Pan Haifeng, Bao Wenna, Chen Yi, Liao Hongxiu
School of Life Sciences and Health, Huzhou College, Huzhou 313000, China.
School of Biological and Chemical Engineering, Zhejiang University of Science and Technology, Hangzhou 310023, China.
J Zhejiang Univ Sci B. 2025 Apr 23;26(4):393-404. doi: 10.1631/jzus.B2400269.
Dynamic changes in the physiochemical, structural, and flavor characteristics of ginger-juice milk curd were explored by texture analysis, scanning electron microscopy, rheometry, electronic tongue, and gas chromatography-mass spectrometry (GC-MS). Protein electrophoresis showed that ginger juice could hydrolyze α-, β-, and κ-casein. Curd formation was initiated at 90 s, marked by significant changes in intensity detected via intrinsic fluorescence. The contents of soluble protein and calcium decreased rapidly during coagulation, while the caseinolytic activity, storage moduli, loss moduli, hardness, adhesiveness, and water-holding capacity increased, resulting in a denser gel structure with smaller pores and fewer cavitations as observed by scanning electron microscopy. Electronic tongue analysis indicated that milk could neutralize the astringency and saltiness of ginger juice, rendering the taste of ginger-juice milk curd more akin to that of milk. Approximately 70 volatile components were detected in ginger-juice milk curd. α-Zingiberene, α-curcumene, β-sesquiphellandrene, and β-bisabolene were the predominant volatile flavor compounds, exhibiting an initial decrease in content followed by stability after 90 s. Decanoic acid, γ-elemene, and caryophyllene were identified as unique volatile compounds after mixing of milk and ginger juice. Understanding the dynamic changes in these characteristics during coagulation holds significant importance for the production of ginger-juice milk curd.

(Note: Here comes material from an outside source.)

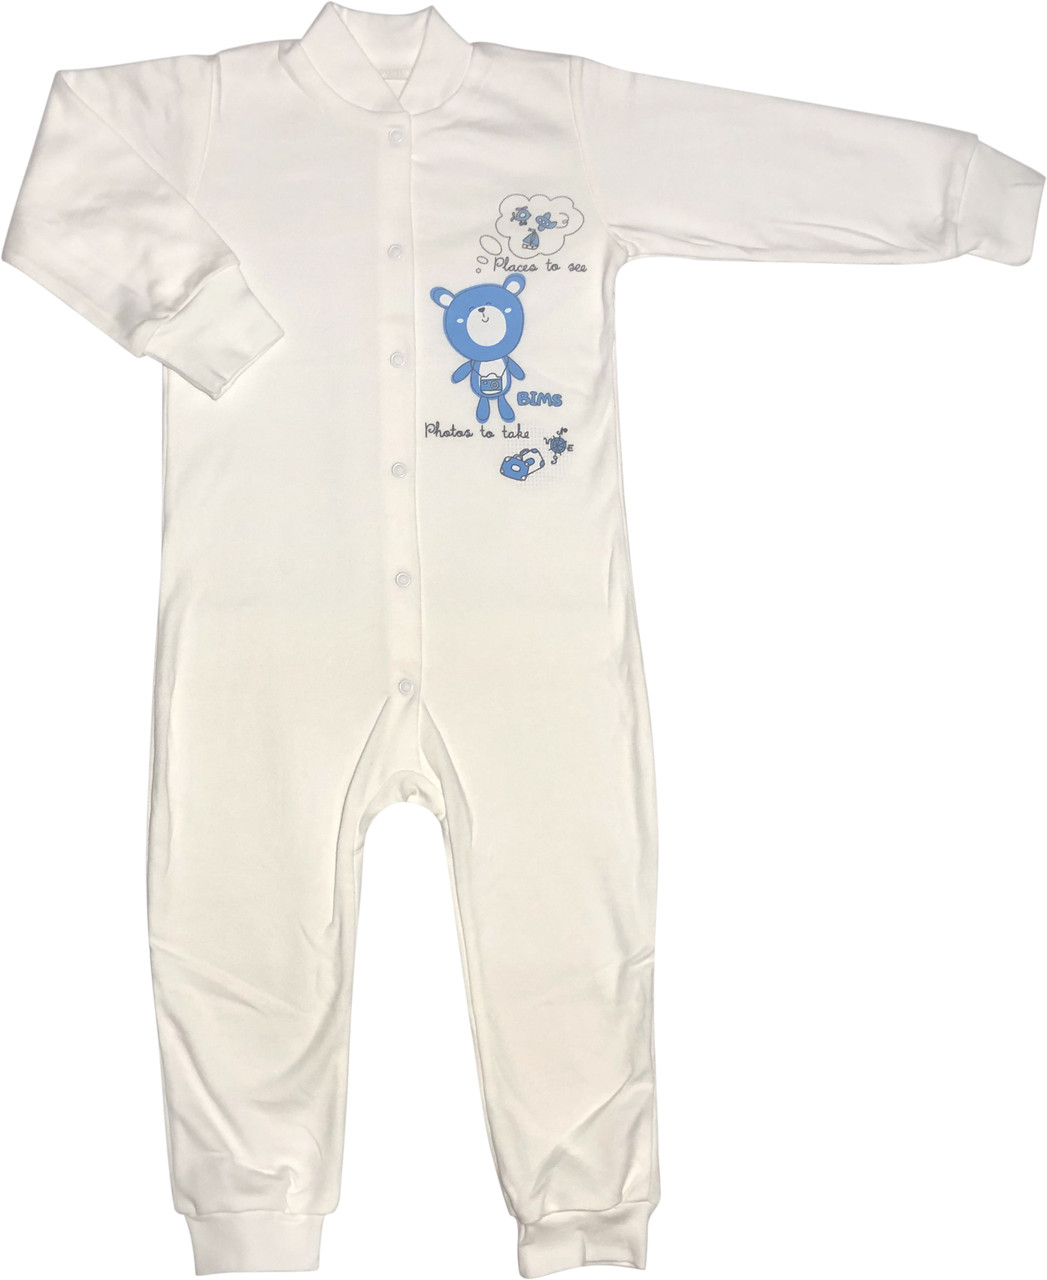 Чоловічок для малюків ріст 98 2-3 року на хлопчика дівчинку сліп з відритими ніжками трикотажний молочний

通过质地分析、扫描电子显微镜、流变学、电子舌和气相色谱-质谱联用(GC-MS)等方法,探究了姜汁凝乳在物理化学、结构和风味特性方面的动态变化。蛋白质电泳表明,姜汁能够水解α-、β-和κ-酪蛋白。凝乳形成于90秒时开始,通过内源荧光检测到强度发生显著变化来标记。在凝固过程中,可溶性蛋白质和钙的含量迅速下降,而酪蛋白水解活性、储能模量、损耗模量、硬度、粘附性和持水能力增加,扫描电子显微镜观察结果显示,这导致形成了一种孔隙更小、空穴更少的致密凝胶结构。电子舌分析表明,牛奶可以中和姜汁的涩味和咸味,使姜汁凝乳的味道更接近牛奶。在姜汁凝乳中检测到约70种挥发性成分。α-姜烯、α-姜黄烯、β-倍半水芹烯和β-红没药烯是主要的挥发性风味化合物,其含量最初下降,90秒后趋于稳定。癸酸、γ-榄香烯和石竹烯被确定为牛奶和姜汁混合后产生的独特挥发性化合物。了解这些特性在凝固过程中的动态变化对姜汁凝乳的生产具有重要意义。